NVIDIA Releases Nemotron-Labs-TwoTower: an Open-Weight Diffusion Language Model Built on a Frozen Autoregressive Nemotron-3-Nano-30B-A3B Backbone

Spread the love

NVIDIA has released Nemotron-Labs-Two TowerA diffusion language model built on a pre-trained autoregressive backbone. It is shipped as an open source under the NVIDIA Nemotron Open Model License. This release targets the throughput bottleneck in text generation.

Autoregressive (AR) models decode one token at a time. That sequential process generation limits throughput. Discrete diffusion language models take another approach. They generate tokens in parallel and refine them iteratively.

Most diffusion language models use one network for two tasks. It represents clean tokens and rejects corrupt tokens at every step. Two Tower separates these jobs into two towers. It maintains 98.7% of the overall benchmark quality of the AR baseline. It also reports 2.42× higher wall-clock generation throughput.

Table of Contents

TL;DR

Tootower splits propagation into a frozen AR reference tower and a trained denoiser tower.
It retains 98.7% AR quality at 2.42× throughput (γ=0.8, S=16, 2×H100).
The denoiser was trained on ~2.1T tokens; 25T was used in the spinal cord.

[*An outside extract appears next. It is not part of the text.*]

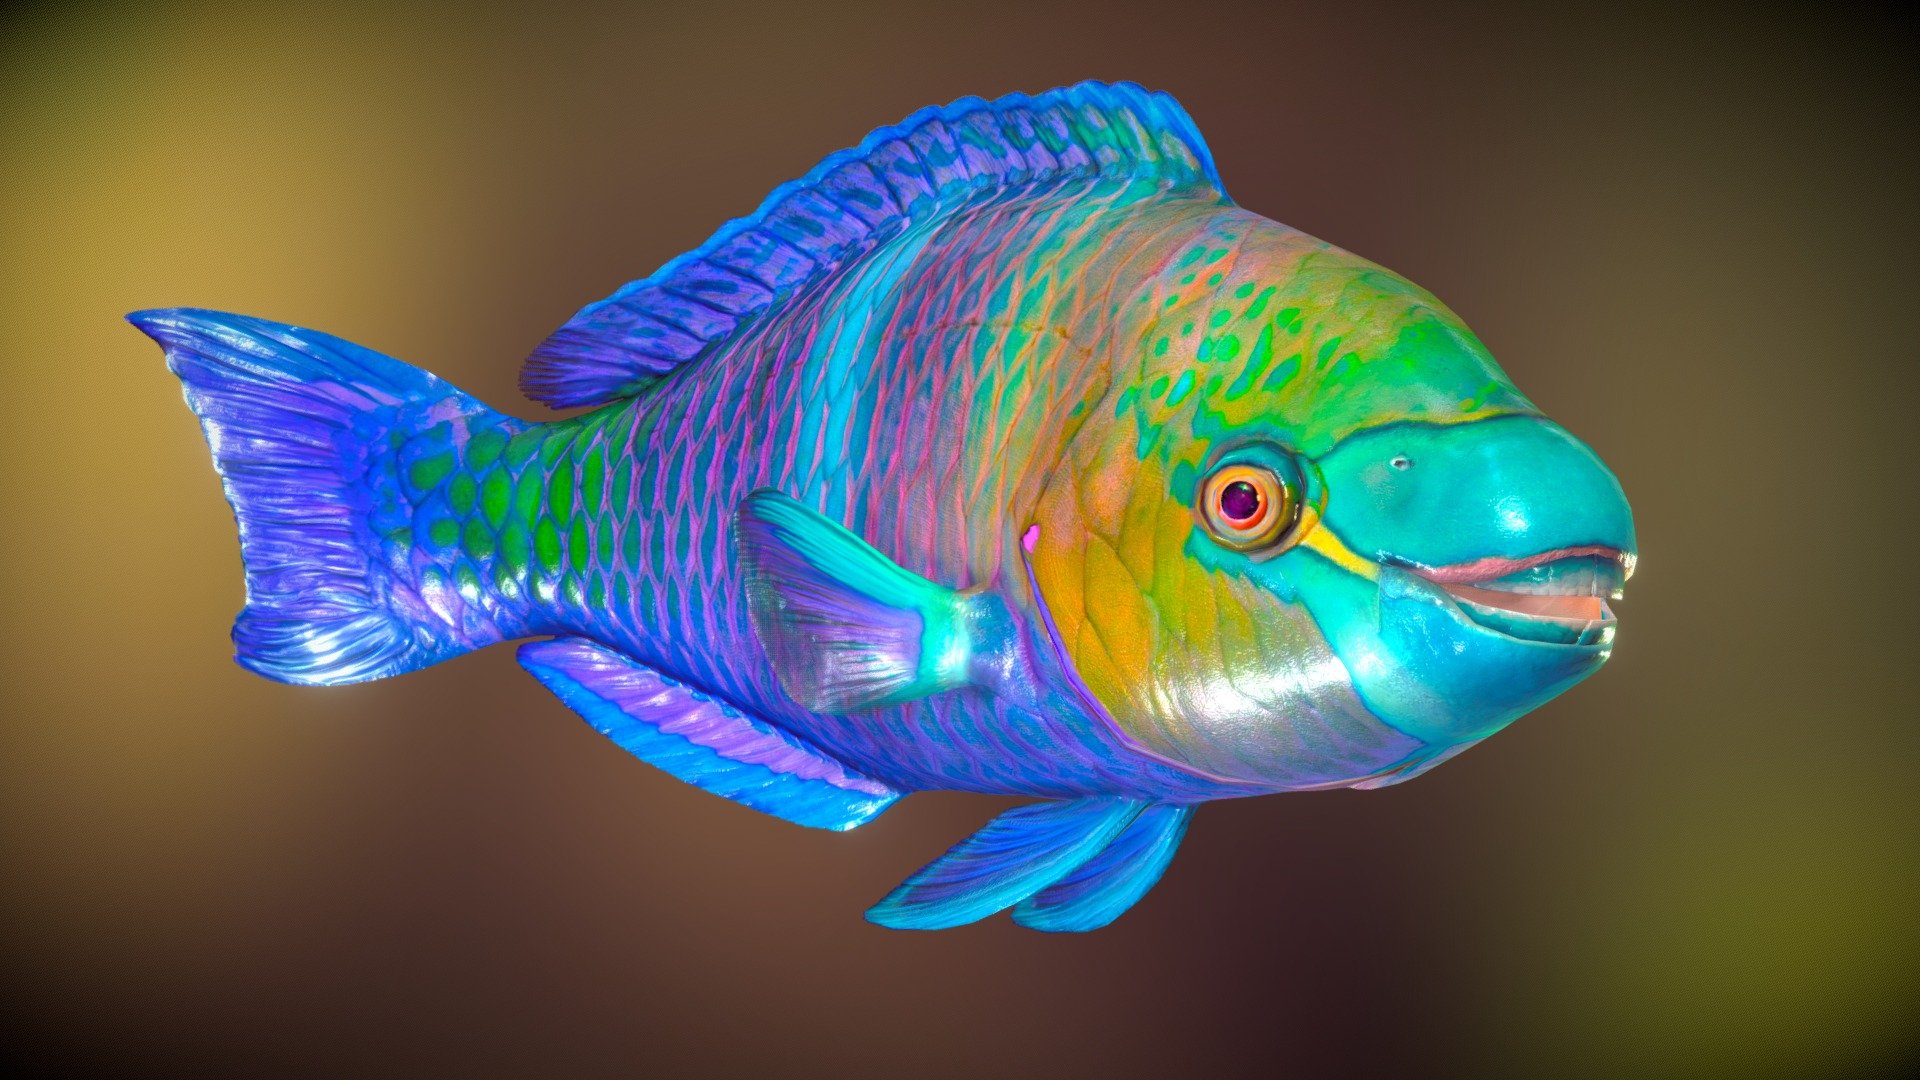 Parrotfish Lowpoly model - 3D model by Alex Bereschuk (@bereshuk.a) 3d model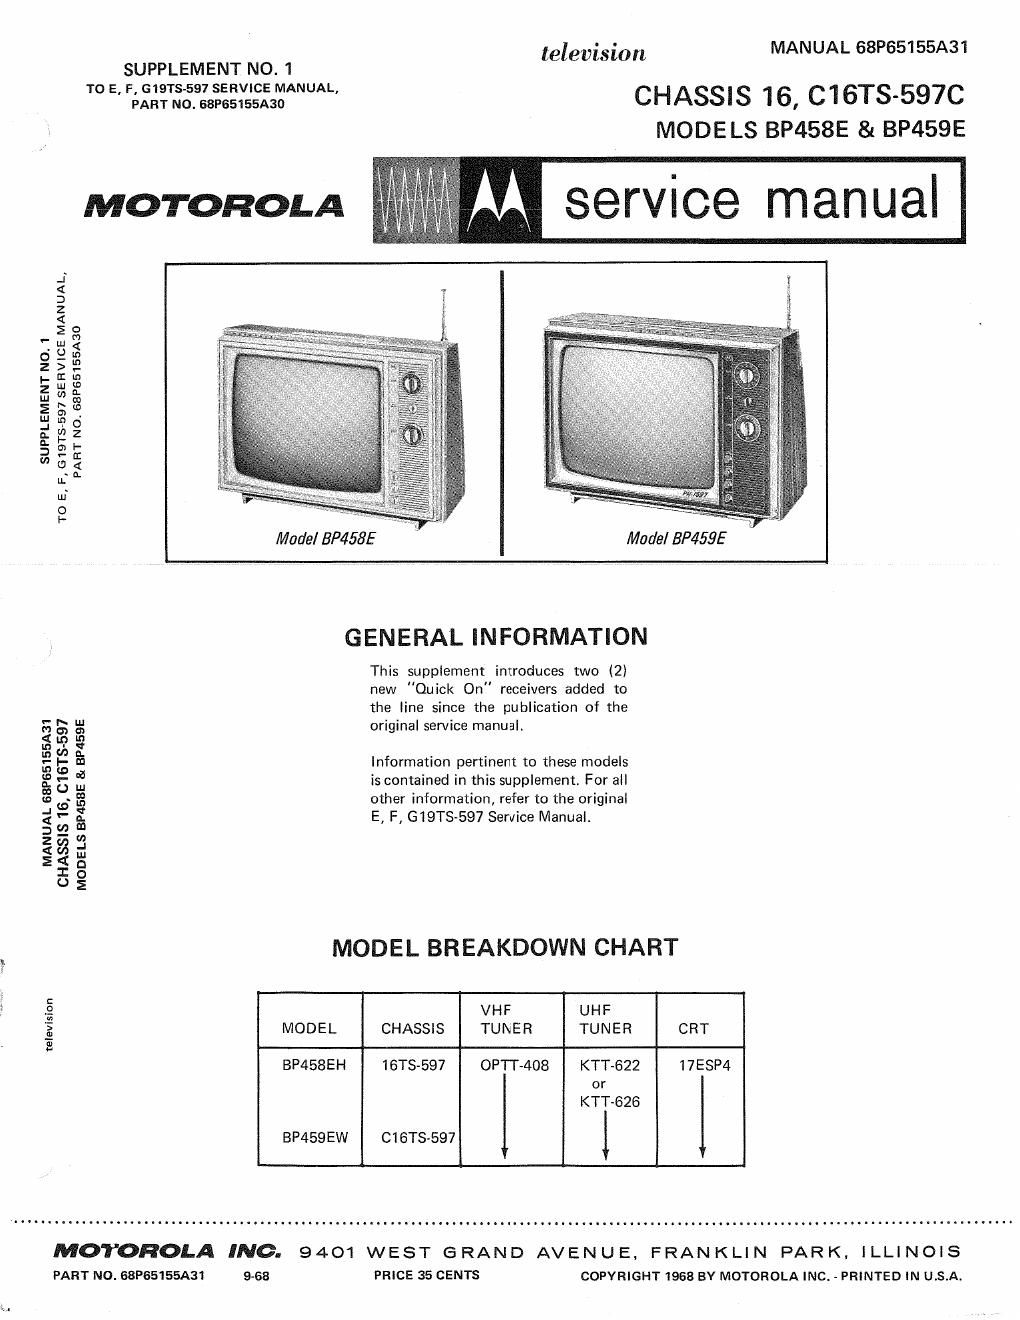 motorola bp 458 e service manual

A checkpoint runs diffusion, mock-AR and AR decoding modes.

Nemotron-Labs-Two Tower

TuTower is a block-wise autoregressive diffusion model. It is accelerated on the Nemotron-3-Nano-30B-A3B, an open-weight hybrid backbone. That backbone connects the Mamba-2, Self-Attention and Mixing of Experts (MOE) layers.

Each tower has 52 layers: 23 Mamba-2, 6 self-attention, and 23 MoE. Released Checkpoint ships both towers, approximately 60B total parameters. Active parameters per token are approximately 3B per tower. The MoE uses 128 regular experts, of which 6 are active, plus 2 shared experts.

Both towers start out as copies of the same Backbone checkpoint. Only the denoiser tower is trained. AR reference tower remains frozen. The denoiser was trained on ~2.1T tokens, a fraction of Backbone’s 25T-token pretraining.

How do two towers work

AR Reference Tower runs quickly and efficiently on committed tokens. This generates the per-layer KV cache and the final Mamba-2 state. This preserves the auto-regressive ability of the spinal cord.

Diffusion denoiser tower refines noisy blocks. Within a block, it uses bidirectional in-block attention. It remains causal with respect to previous clean blocks.

The towers are connected layer by layer. denoiser layer I Cross-attends to the reference tower layer I. This layer-aligned cross-attention provides multi-level access to spinal representations. The former approaches only broadcast the last hidden state.

Two more denoiser modifications matter. The Mamba-2 layers obtain their initial state from the Mamba state of the reference tower. The diffusion timestep controls each layer through adaLN-single time conditioning. That adaLN module only adds ~1.5M parameters.

Generation proceeds block by block. Each block starts like this S [MASK] Token. denoiser refines it Tea phase, then commits it. Reference Tower then processes the committed token to update its cache.

This explains why multiple denoising stages can still outperform one-token decoding. Autoregressive decoding returns exactly one token per step. TooTower offers a number of tokens per stage at the beginning of refinement.

Standard

Evaluations use BF16 on a 2×H100 GPU. The default operating point is confidence unmasking, threshold γ=0.8, block size S=16. The table compares the AR baseline with TwoTower propagation decoding.

Work	Nemotron-3-Nano-30B-A3B(AR)	Nemotron-Labs-Two Tower (Diffusion)
MMLU (5-shot, ACC)	78.56	78.24
MMLU-Pro (5-shot, COT EM)	62.59	60.93
ARC-Challenge (25-shot, ACC_Norm)	91.72	92.66
Winogrande (5-shot, ACC)	76.09	76.09
Race (0-shot, acc)	88.90	88.90
HumanEval (0-shot)	79.27	75.58
MBPP-Hygiene (3-Shot)	74.71	74.28
GSM8K (8-shot, ACC)	92.49	90.14
MATH-500 (4-shot)	84.40	80.60
MMLU Global Lite (5-Shot)	73.97	73.94
MGSM (8-shot, average acc)	80.80	80.40
quality maintained	100%	98.7%
Generation Throughput(×AR)	1.0×	2.42×

Common sense AR remains within about one point of the baseline. Code and math show slight degradation. General knowledge and multilingual scores have recovered or improved slightly. Decreasing γ results in more tokens per step and increases throughput with less quality.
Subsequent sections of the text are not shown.